Task brief. Exact copy, no pictures: every line from the one that contains "Nike Air Zoom" through the end of the data below, and nothing else.

Dataset extract.
------

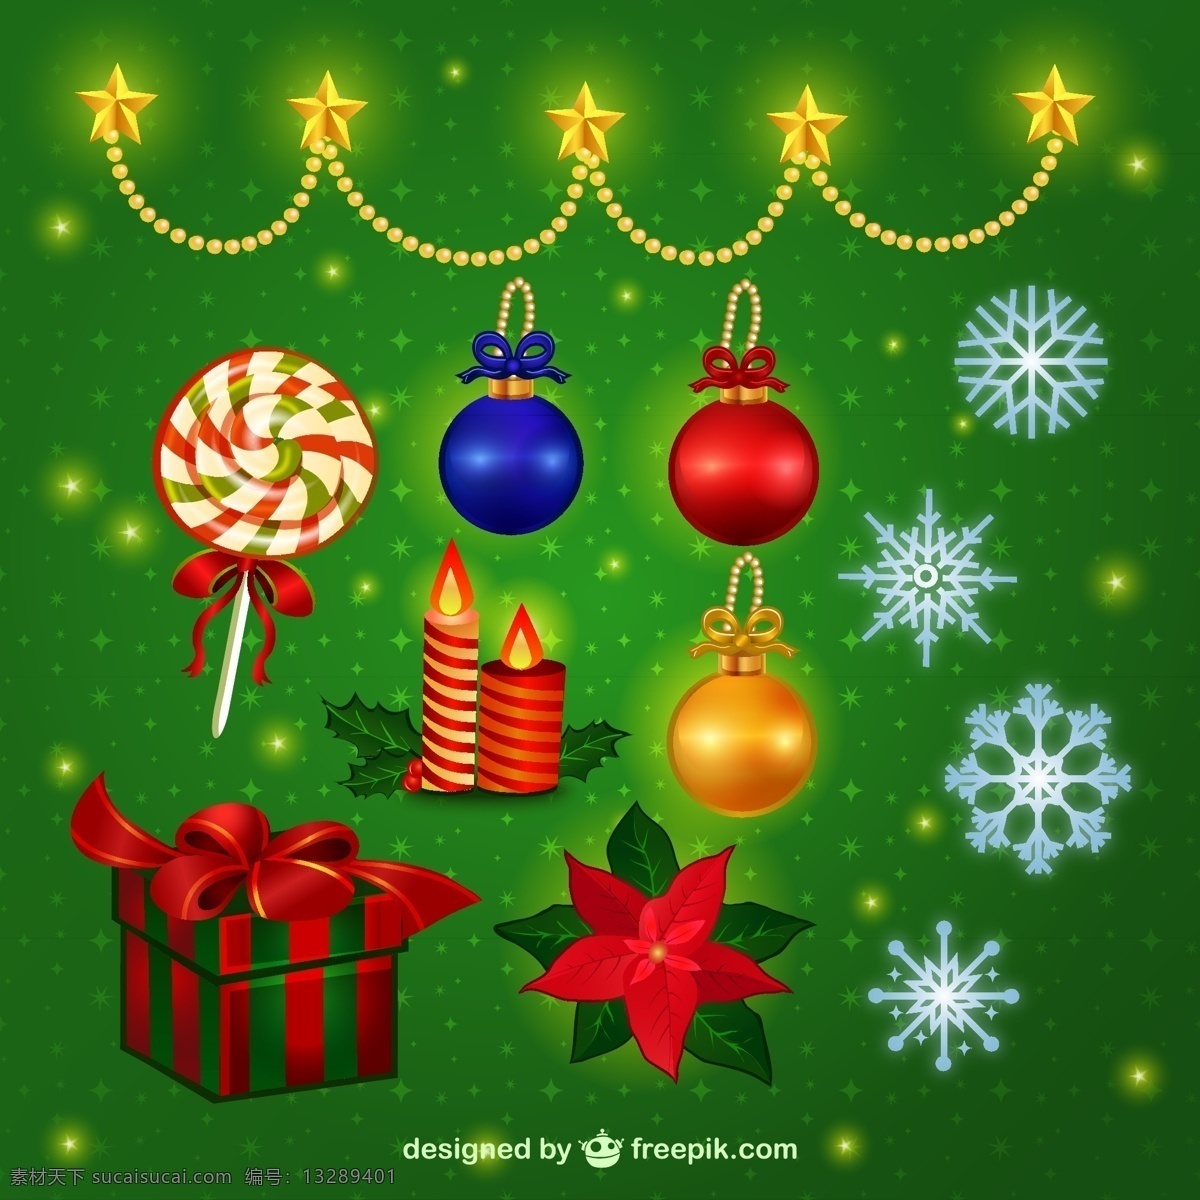 丰富多彩 圣诞饰品 包装 圣诞节装饰品 装饰 色彩丰富 装饰球 圣诞球 包 圣诞装饰 玩具 球 圣诞装饰品 装饰品 挂件 绿色
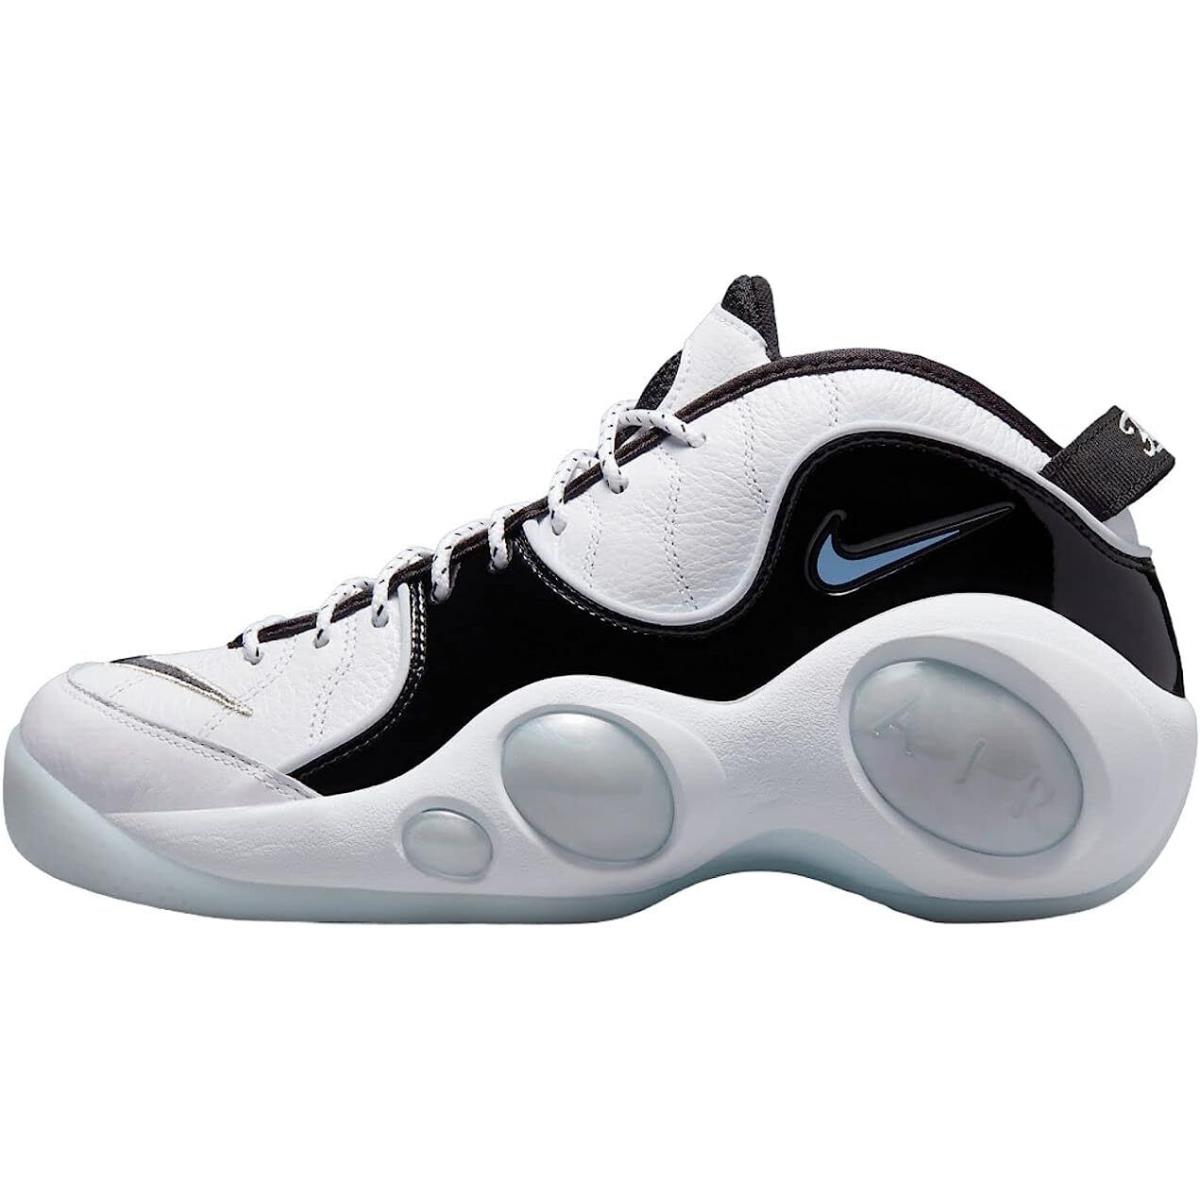 Nike Air Zoom Flight 95 OG Men`s Basketball Shoes - White/Multi-color/Black/Football Grey
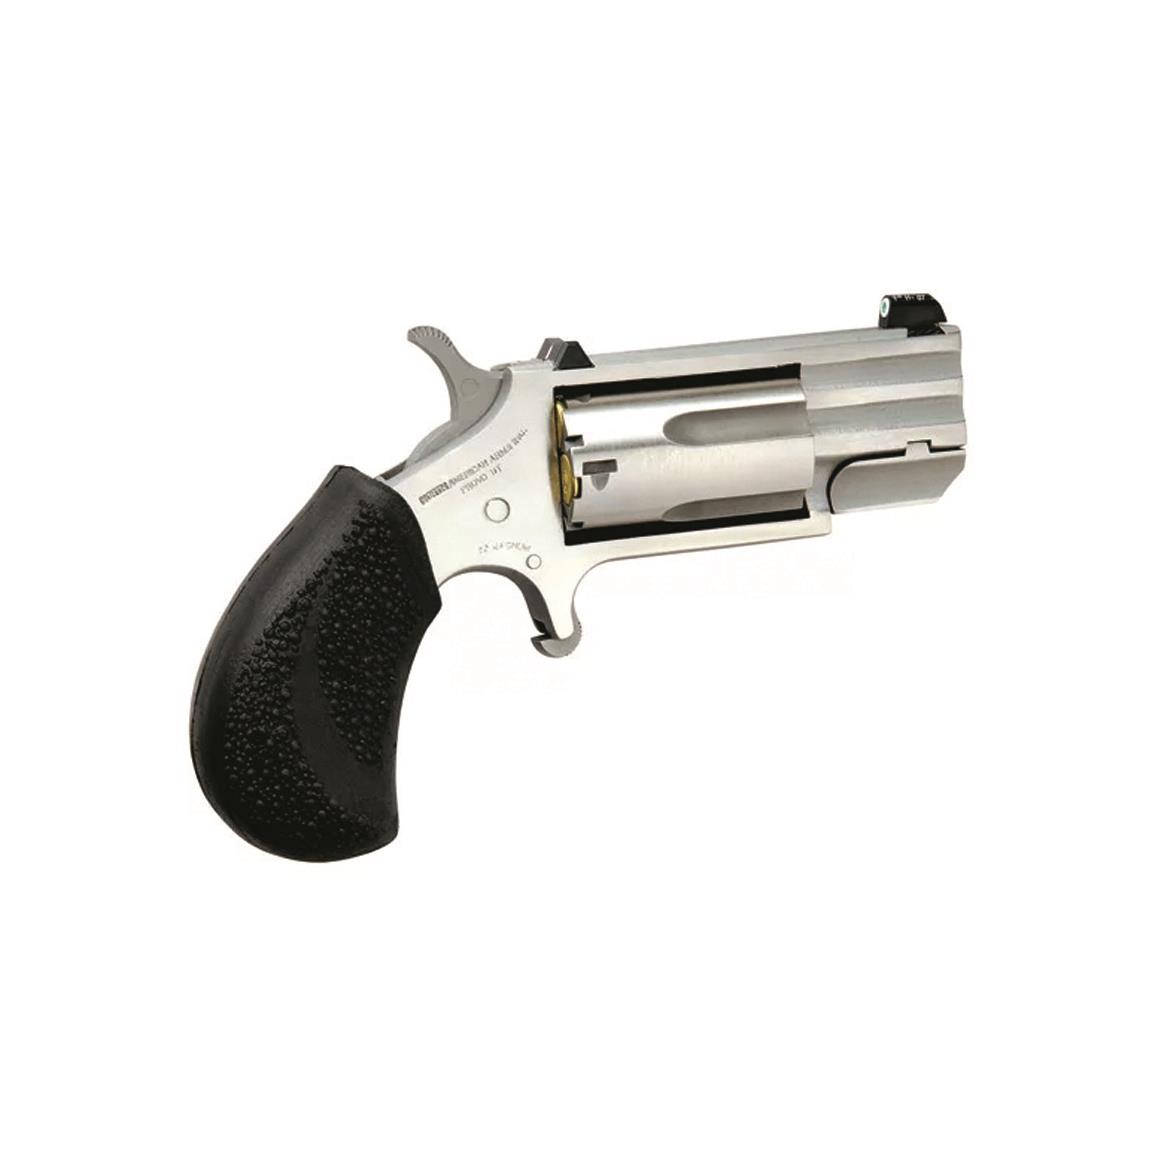 NAA .22 Magnum Pug, Revolver, 1" Barrel, XS Tritium Front Sight, 5 Rounds

------

Written answer.
 Nike Air Zoom Flight 95 OG Men`s Basketball Shoes - White/Multi-color/Black/Football Grey
 NAA .22 Magnum Pug, Revolver, 1" Barrel, XS Tritium Front Sight, 5 Rounds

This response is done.